What is it they produced back then? Well at least in Britain, the answer is, quite a lot of what is affectionately termed today “little technology”. From the same British historian, “Pills and boluses could be made by hand, tinctures by the simple process of maceration or the slightly more complex one of percolation, infusions were more than making a cup of tea, and ointments merely used mortar and pestle. Few chemists and druggists were content with just dispensing, but developed what has been termed their ‘own lines’, that is the pharmacists own formulation for a soothing cough mixture, a worm eradicator, an ointment for scabies, but not too griping purge. Many hoped to make a fortune.”

So in one sense, Mr. Jones’s philosophy of never leaving a penny on the floor, undeveloped, was an inherited value dating back a century or two. These were versatile and imaginative entrepreneurs, experimenters with high productivity, if not uniform quality. One pharmacy in Birkenshaw, Yorkshire, had a handwritten formulary that included 534 discreet formulas – 316 medicinal, 69 cosmetic, 68 veterinary, and 81 “domestic”. Among the lot were compressed tablets, cold creams, lotions, essence of smelling salts, powders of all types, and brandy. But of course, there were other offerings considerably more exotic like cockroach bait, glove cleaner and non-mercurial plate powder.

Simple discoveries in delivery systems expanded the market. Cocoa butter introduced in 1852 launched a worldwide surge in suppositories. The soft gelatin capsule opened all new possibilities in 1834. Subcutaneous injections followed in 1855. By then, some medicines were described as patent or proprietary, but most were simple ‘secret formula’ concoctions that were not registered. As one expert noted, “The ‘quack’ medicines would have had little, if any, therapeutic value, but then neither had most of those prescribed by physician or surgeon apothecary; indeed there was often little to tell between them. The ‘patent’ medicine trade at least had the merit of passing on the knowledge of how to manipulate equipment and mix ingredients in bulk.”

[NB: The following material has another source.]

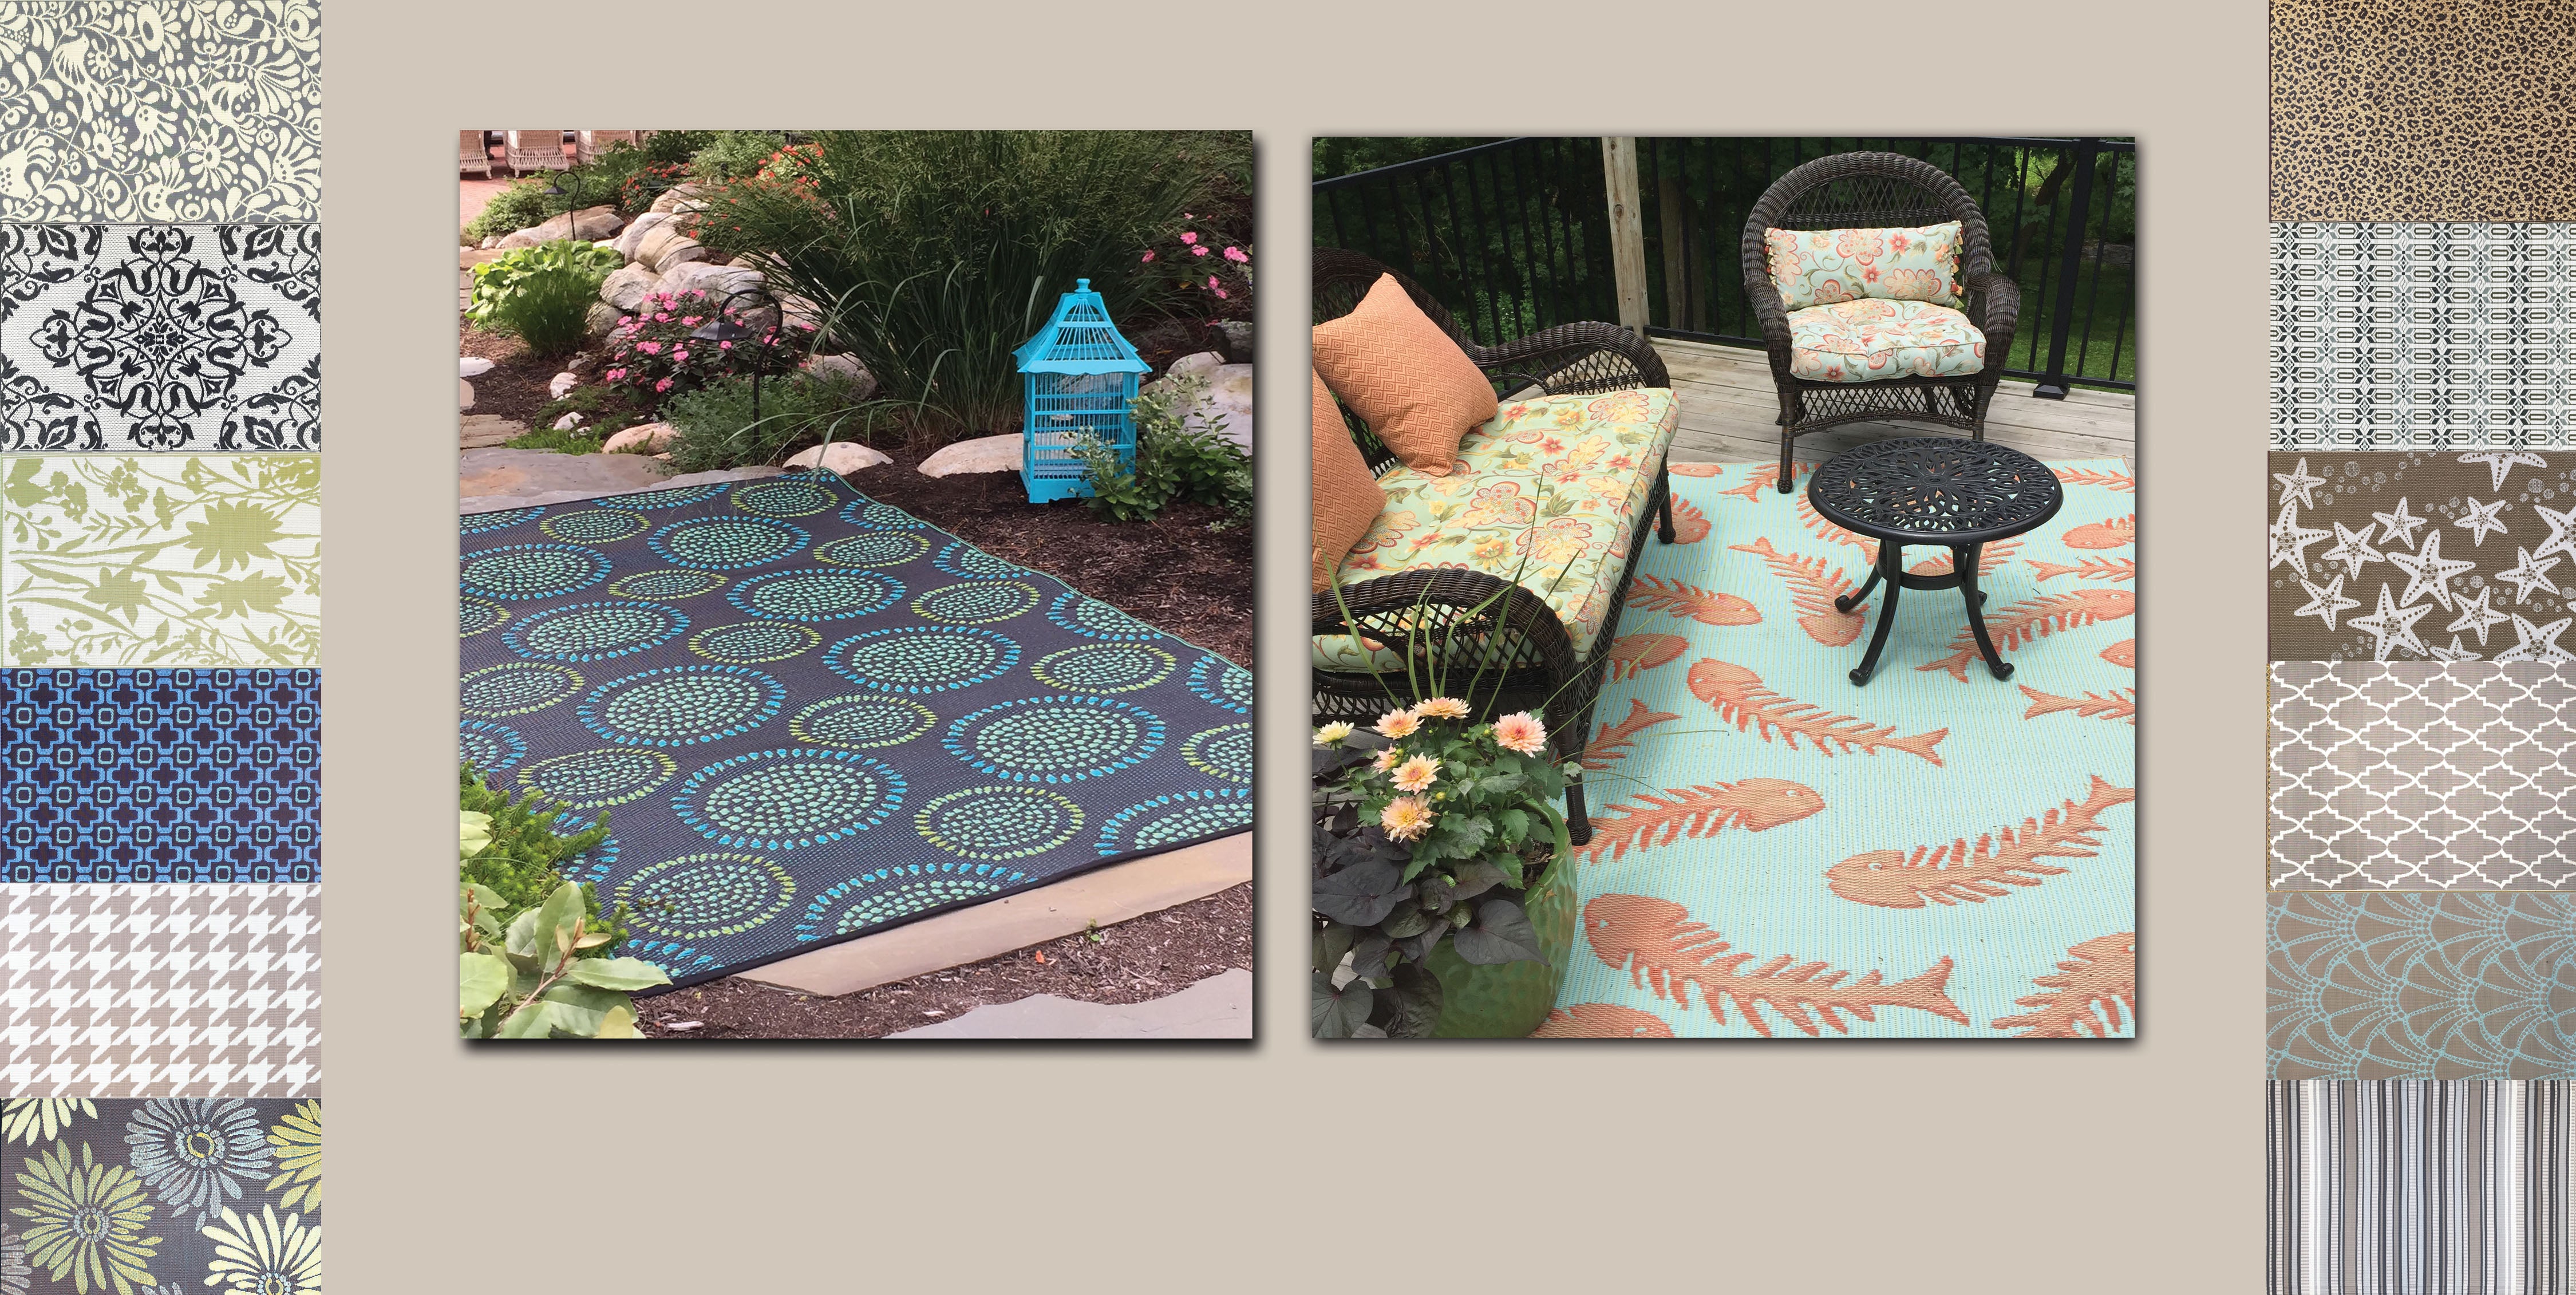 Mad Mats Outdoor Carpets from Recycled Plastics by Mariachi Imports Inc. -  Rug News and Design Magazine

These larger scale and more methodical chemists became increasingly prominent in Europe, and to a much lesser extent in America, in the second half of the 19th century. They produced three general types of products – those derived from simple compounds of vegetable substances (examples being ginger or aloes); those generic substances listed in the official country’s Pharmacopoeia, a document of “real medicines” carrying the imprimatur of the country Medical Society (like morphine and quinine); and those that were being developed increasingly according to new industry standards which emphasized systematic chemical research and laboratory development (such as new sera and vaccines).

Prominent as leaders of the 3rd group in 1880 in Britain was Burroughs Wellcome. While London based, it was the brainchild of two American entrepreneurs, Silas Burroughs and Henry Wellcome. Marketers at heart, they were the originators of sales visits to doctors offices and free samples left behind – a practice that would a century later be tangled up in a contentious debate over conflict of interest and direct advertisements to patients themselves.

Flowing in the other direction of Burrough and Welcome were chemists and scientists like German immigrants Charles Pfizer and Charles Erhardt who saw immense opportunity in America as this energetic nation took its first transformational steps into the Industrial Age. Still others, like fellow German immigrant Willliam Radam, saw in America the “Wild West”, and the opportunity to make a killing. And he literally did. Marketing a dilute solution of sulfuric acid colored with red wine, his “Microbe Killer”, widely advertised and sold often in religious/theatrical “fire and brimstone” revival sessions (promising to “Cure All Diseases” – a phrase embossed on its glass bottle), he made a quick fortune. Taken in high doses, it also killed a few people.